DATASET CONTENT: Begin
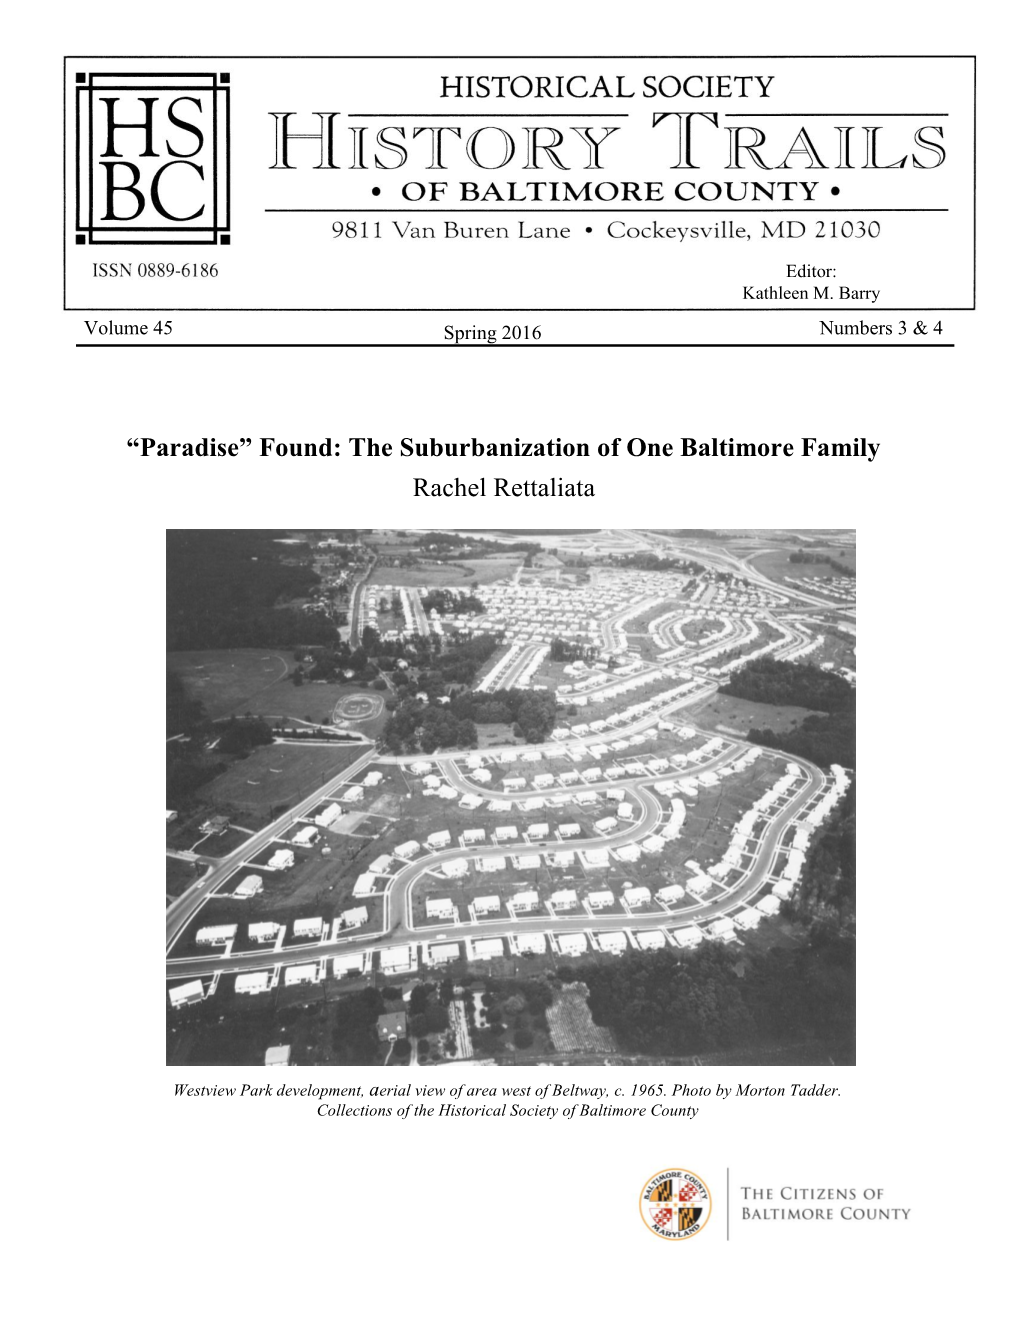 “Paradise” Found: the Suburbanization of One Baltimore Family Rachel Rettaliata
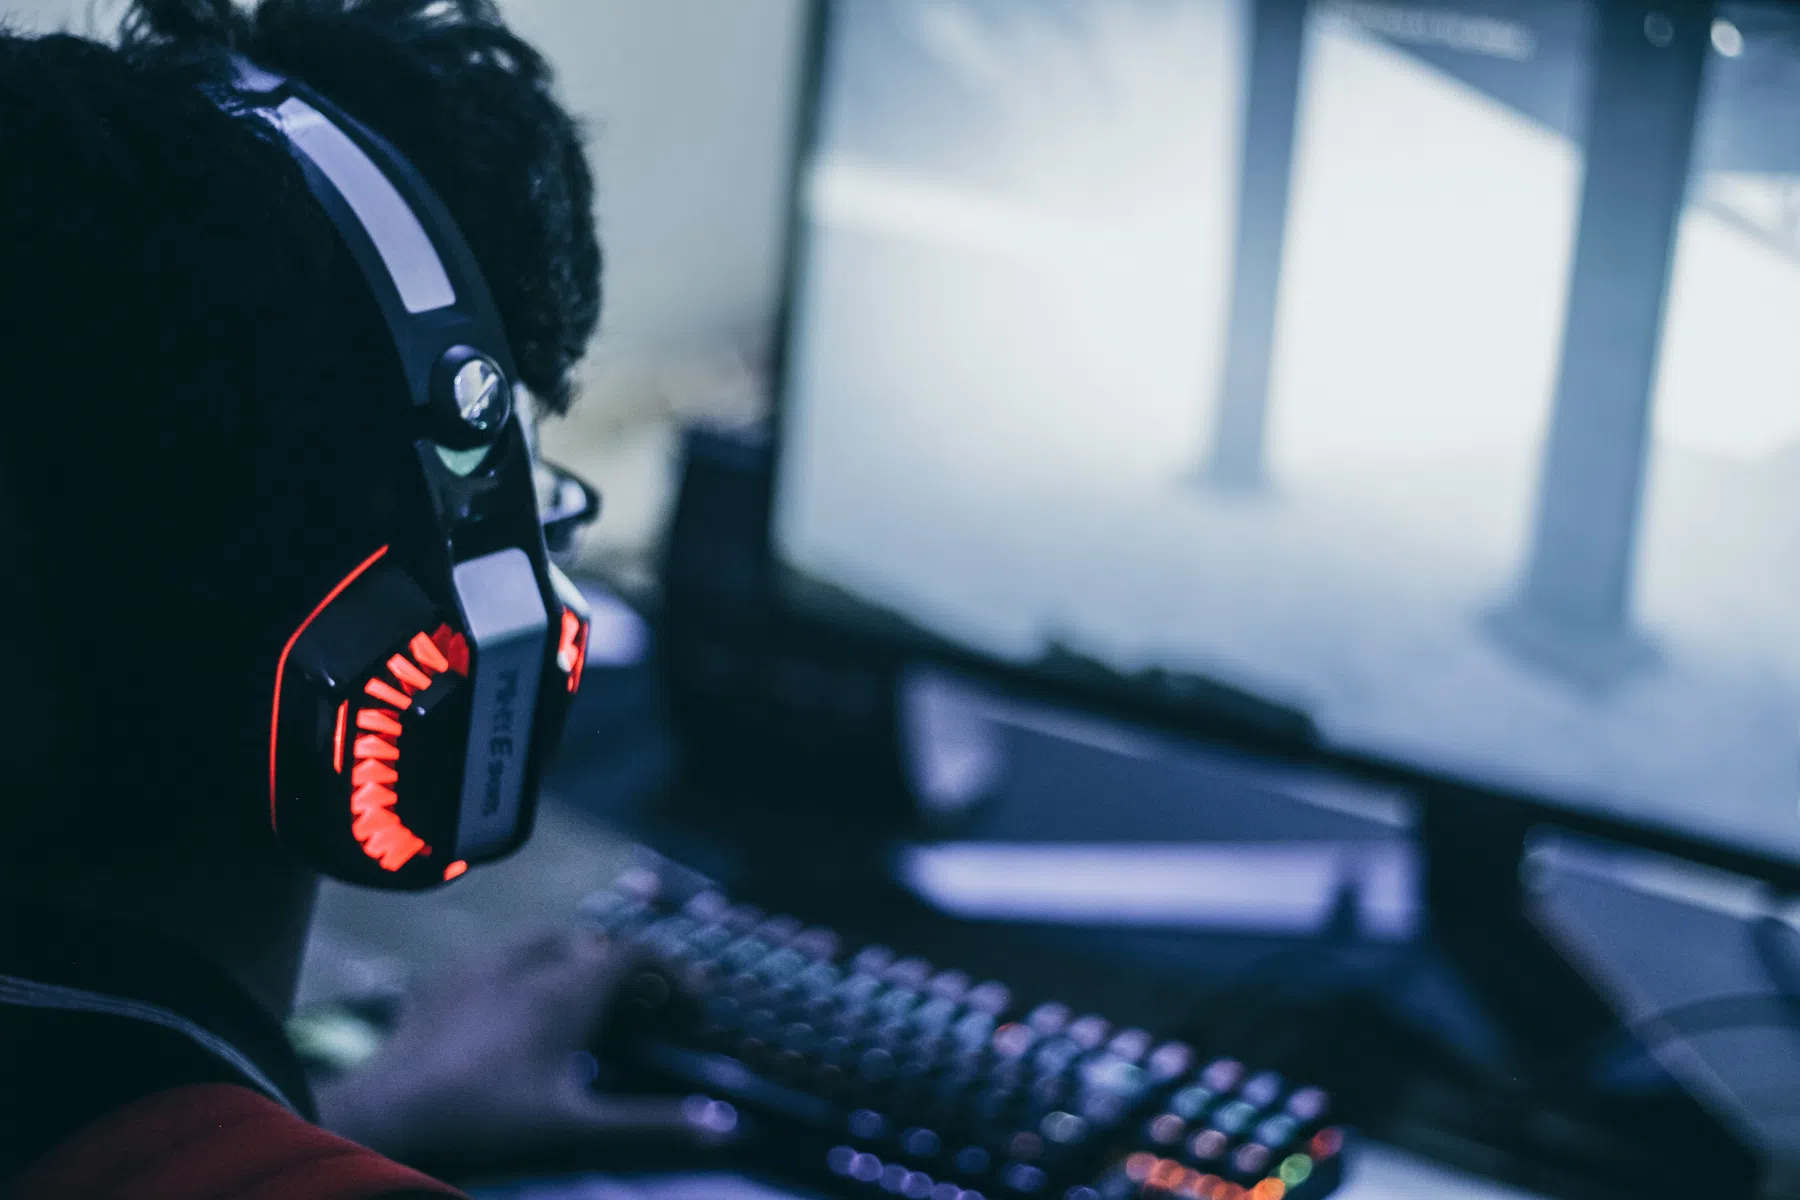 Groot risico op gehoorschade onder gamers: 'vaak het geluid te hard staan'
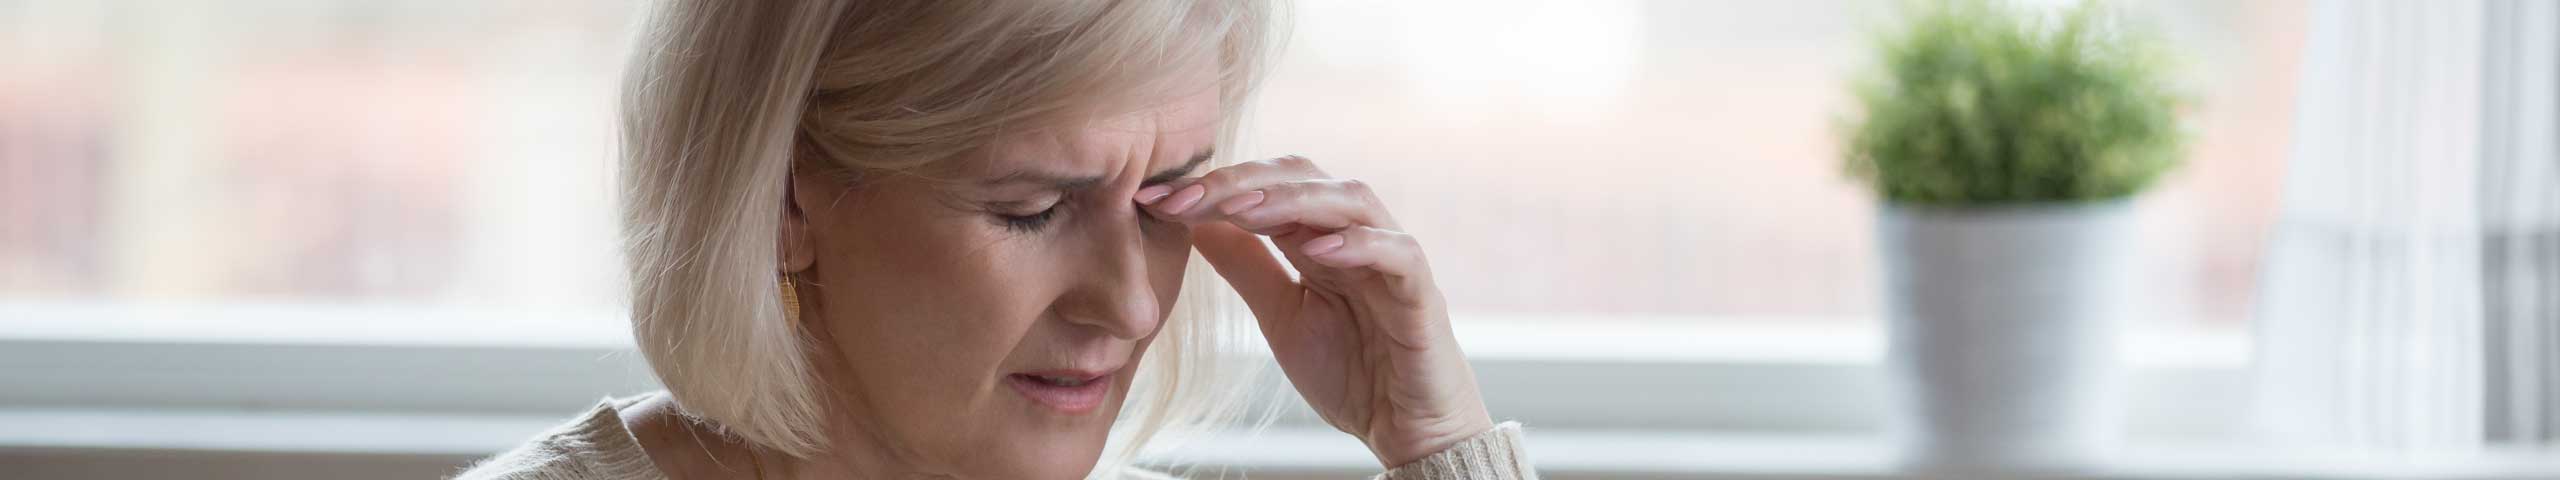 The symptoms of dry eye.
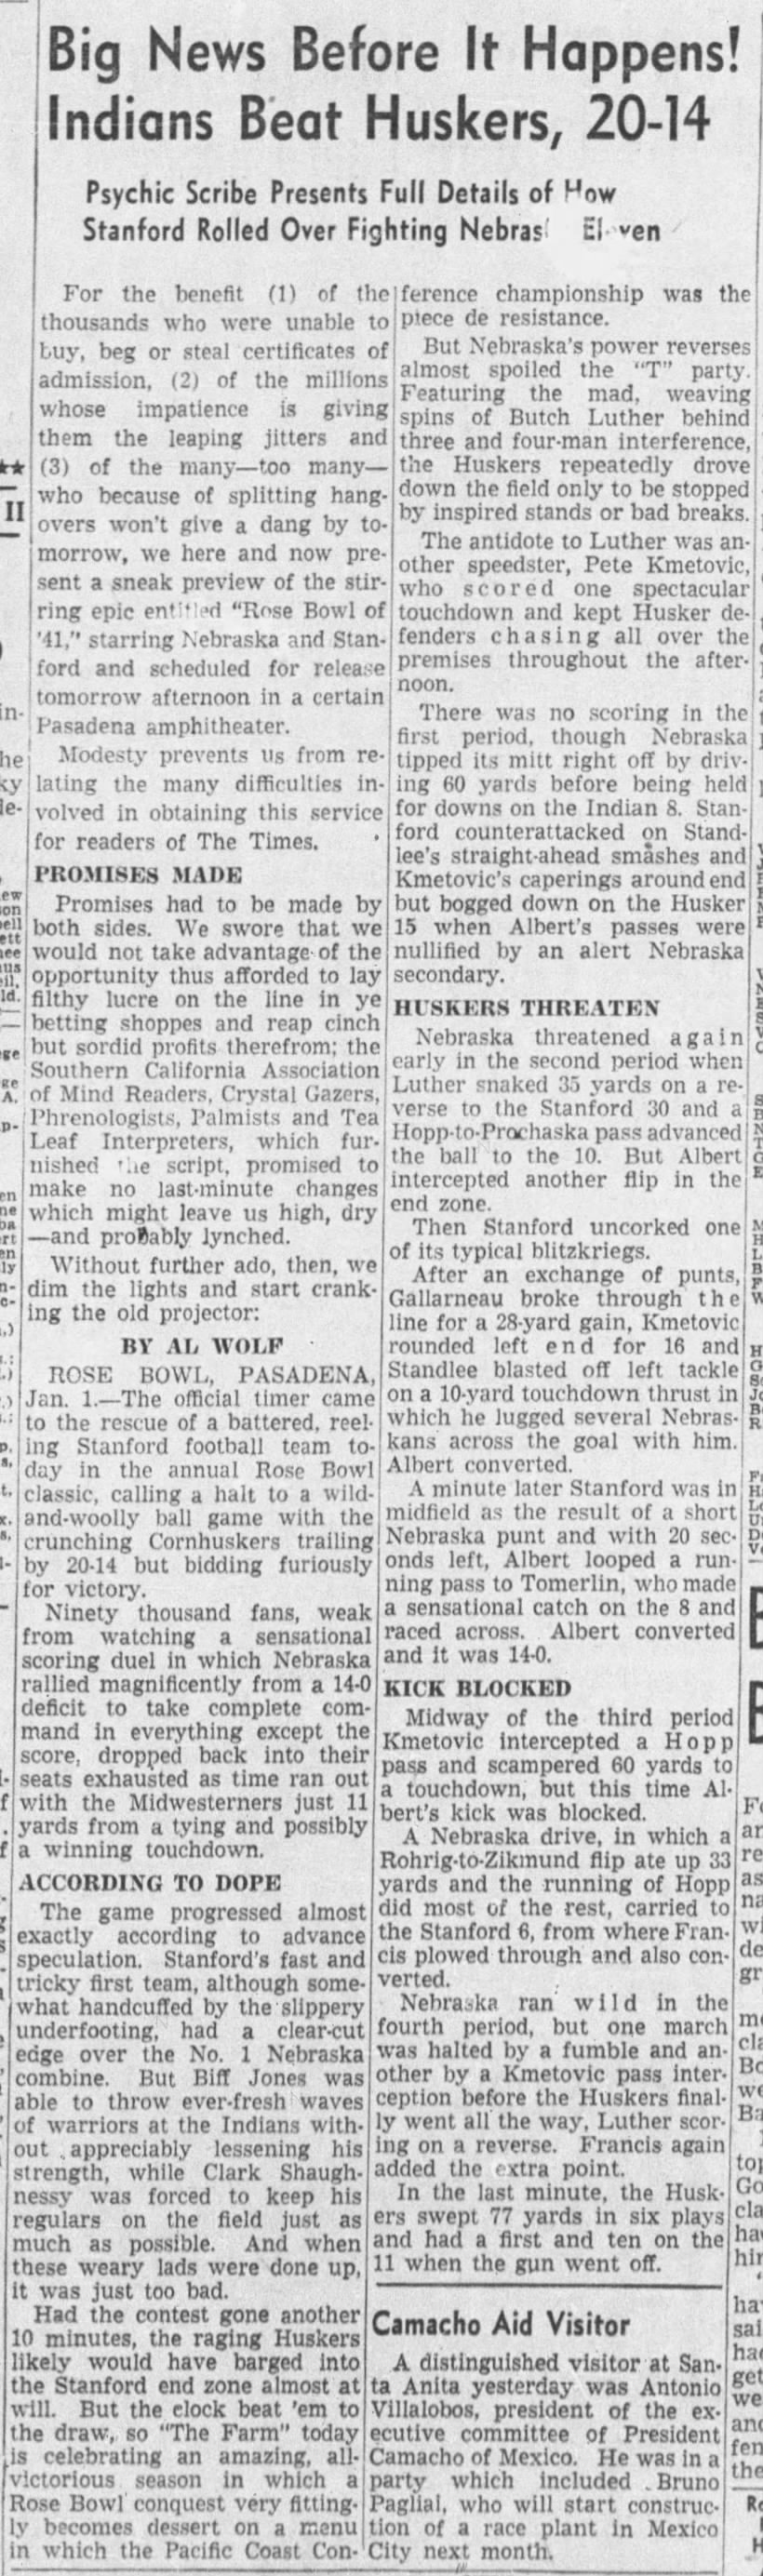 1941 Rose Bowl, Al Wolf prediction
DATASET CONTENT: End
(YOUR TASK) Write out exactly the lines beginning with the line that holds "The symptoms of dry eye." and ending with the final line of the data, both ends included, without the pictures.

(TASK RESULT)
 The symptoms of dry eye.
 1941 Rose Bowl, Al Wolf prediction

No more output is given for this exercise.